The hmr will work good for foxes. You will just have to go buy a varmint gun now


----------



## Sagetown (Feb 8, 2012)

Boydt8 said:


> I am new to coyote hunting & calling, tired of waiting once a year to pull the trigger.
> Here is a list of toys I bought for coyote hunting
> -Turbo Dogg electronic caller
> -Mojo critter decoy
> ...



Shot placement is the Key with your 17hmr. Makes the hunt more intense, and rewarding. Some guys can call'em in close enough to use a shotgun. But for those who like to take'em at any distance, the .223, 22-250, or even a .270 w/ 100gr. bullet are great. Below is an old pic, but these guys still hang around atop the hay bales looking for rats and mice. Set up close to these and have some fun.


----------



## alleyyooper (Feb 9, 2012)

I use a 220 Swift a lot with 53gr hollow point sierra bullets, If on the windy side I use the 243 with 85gr. HPBT sierra game kings.
My brother in law uses his 260 with a factory bullet. 
A friend uses a Rugar 204.

Our call is just a home made one with our sounds from Varmit al's and wind rivers web sites on a MP3 player.
works real well for all we want to do and get done.


 Al


----------



## Huskytree (Feb 10, 2012)

*.17hmr*

Keep the distance under 75 yards and make good hits and the .17HMR will kill em all day long. 
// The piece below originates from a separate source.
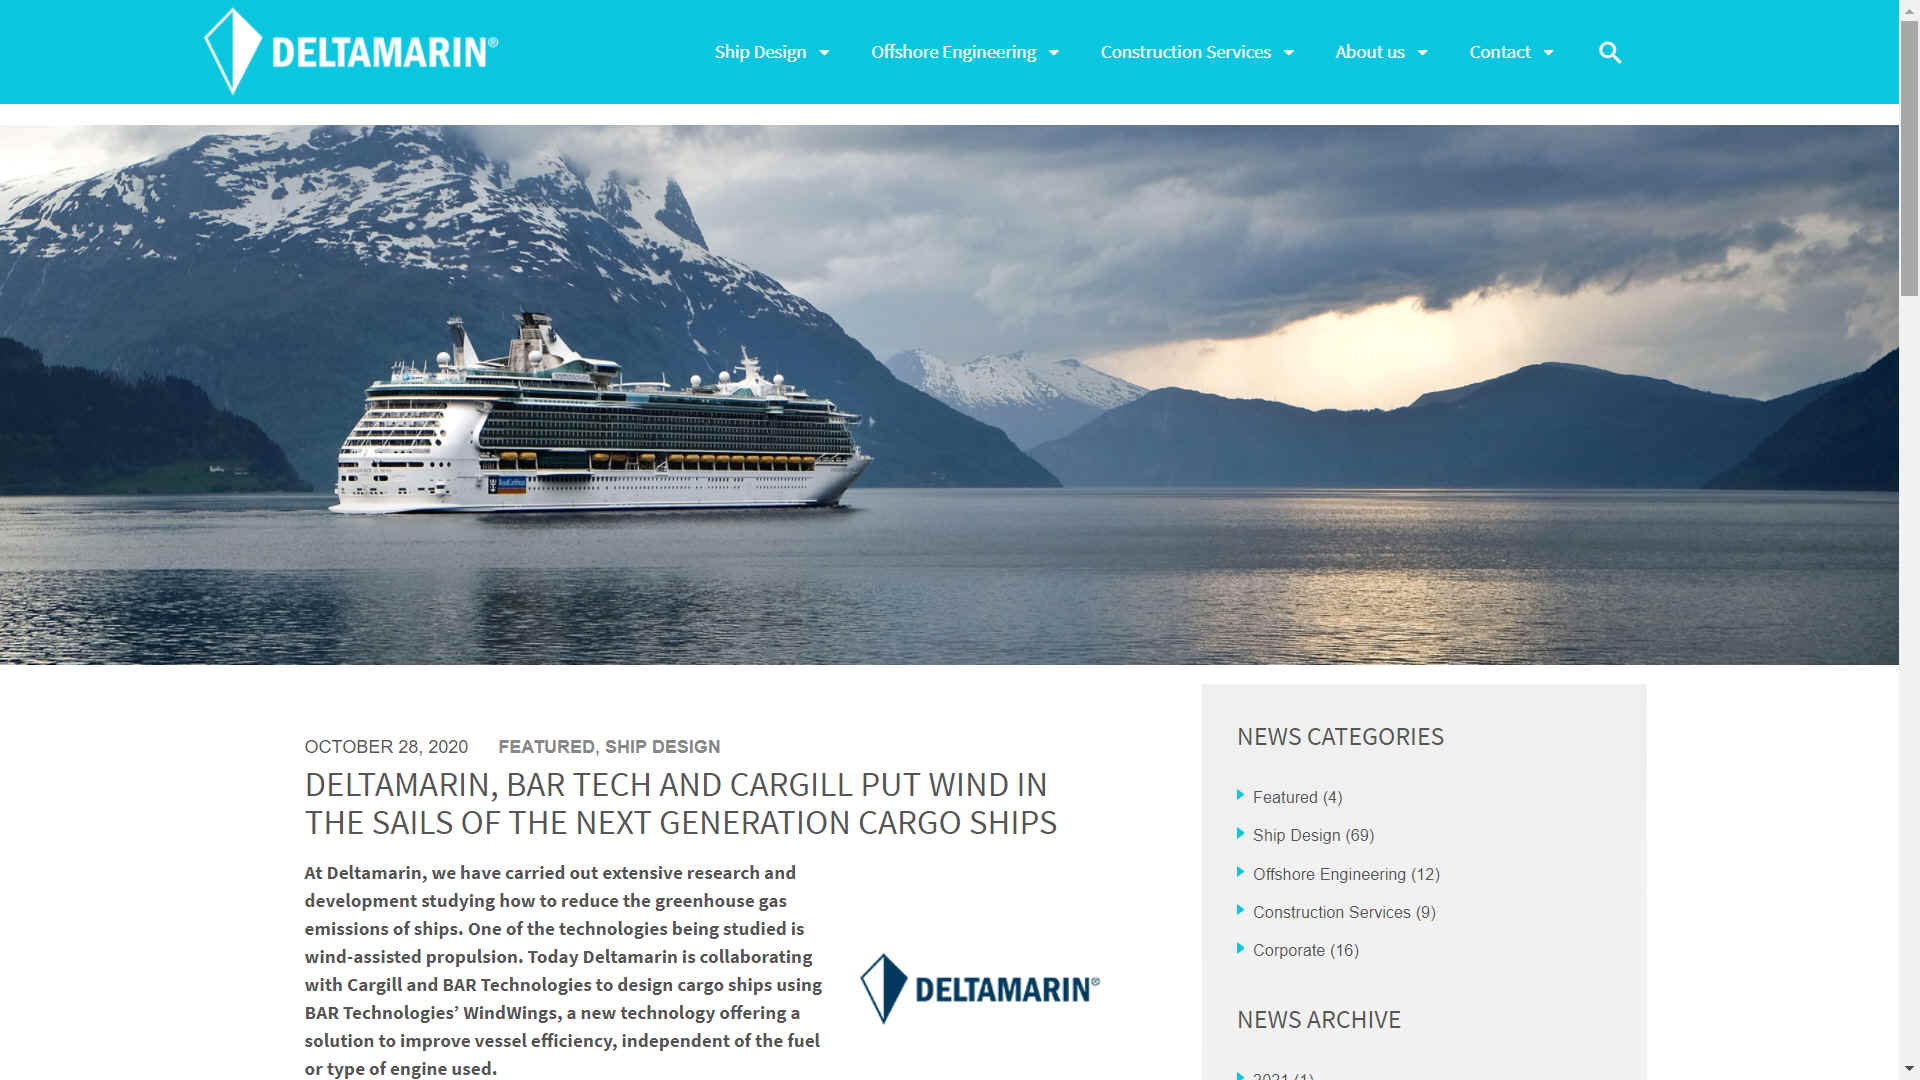 Deltamarin team up with BAR Technologies and Cargill for wind wing assisted cargo ships

However the best Coyote round ever made would be the .17Rem if you are selling. 

If your not selling load the 30-06 down to a light .308 load and you will have an honest killing machine. Remember you can make a 30-06 a .308 but you can't make a .308 a 30-06.


----------



## Boydt8 (Feb 12, 2012)

*22-250*

Now looking into buying a 22-250, found a savage, but I want to stick with a Remington. Anyone had any luck with a ruger,the 204?


----------



## Sagetown (Feb 12, 2012)

Boydt8 said:


> Now looking into buying a 22-250, found a savage, but I want to stick with a Remington. Anyone had any luck with a ruger,the 204?



Check out the CZ 550 American. $815. Beauty of a 22-250...


----------



## Huskytree (Feb 12, 2012)

*.204Ruger*



Boydt8 said:


> Now looking into buying a 22-250, found a savage, but I want to stick with a Remington. Anyone had any luck with a ruger,the 204?



Yes I had a .204Ruger was a good little round but didn't beat out my .17Rem so the 204 went on down the road. But I would not hesitate to recommend it. 

If you plan to shoot at range over 300 yards or a regular bases you should step up to .220swift or 223AI.


----------



## Sagetown (Feb 12, 2012)

Huskytree said:


> Yes I had a .204Ruger was a good little round but didn't beat out my .17Rem so the 204 went on down the road. But I would not hesitate to recommend it.
> 
> If you plan to shoot at range over 300 yards or a regular bases you should step up to .220swift or 223AI.



Or the .223 CZ 527 is worth looking into.


----------



## alleyyooper (Feb 13, 2012)

22 250 is a fine round as are most of the 6 mm and 6.5 rounds. 

I have also shot them with a 12ga and number 4 shot tight in a cedar swamp.

 Al


----------